# bead rollers for sale.



## McDusty (Oct 12, 2009)

I have a few tools for sale here, cleaning out the tool box and getting rid of stuff i don't use often/at all.

1. bullnose corner roller. used on maybe 10 sticks of bead. i don't do enough bullnose to require this. new: $74.99. used from me: $50/shipped.
http://www.all-wall.com/acatalog/Advanced_Taping_Tools___Bullnose_Roller_Tool.html#a5680

2. outside 45 bead roller, BRAND NEW. $50/shipped
http://www.all-wall.com/acatalog/Ad..._with_Coarse_Thread_Handle_Adapter.html#a5686

$90 shipped if you buy both.


----------



## Whitey97 (Jan 27, 2009)

maybe.....
I might just take both off of you because I don't have them.


----------



## McDusty (Oct 12, 2009)

i would also trade for 2 boxes of Dynamic brand medium/fine sponges. i can't get them locally any my brother is getting sick of sending them to me.


----------



## Whitey97 (Jan 27, 2009)

Where does he currently get them from?

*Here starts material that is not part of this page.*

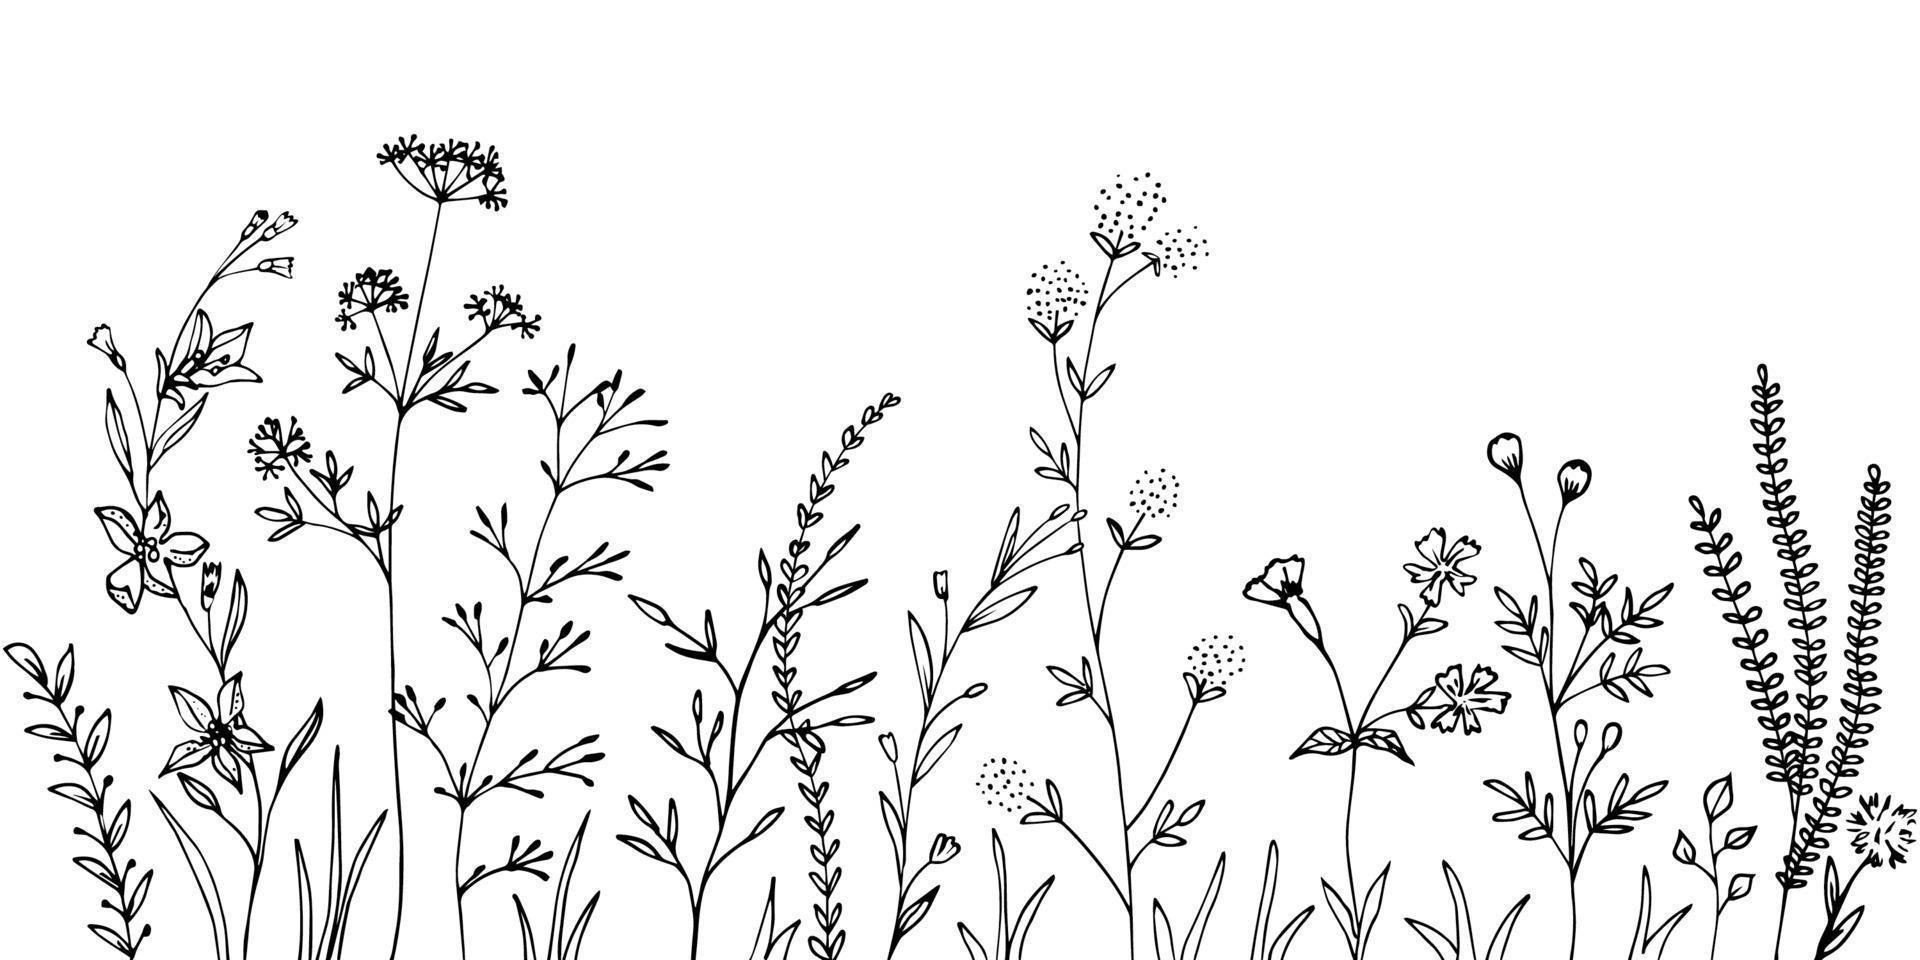 zwarte silhouetten van gras, bloemen en kruiden. vector

I've never heard of or tried them.


----------



## McDusty (Oct 12, 2009)

I believe they are a canadian company, that would explain it. i just like how stiff they are, if you use a stiff medium/fine, i would probably be interested in trying it.


----------



## Whitey97 (Jan 27, 2009)

Have you ever used the 3M pads? we use those and Norton brand.


----------



## McDusty (Oct 12, 2009)

i have tried those brands as well. i struck up a deal to send my brother an inside 45 applicator for 2 boxes. so these are going to be a cash deal.

$85 shipped for both.


----------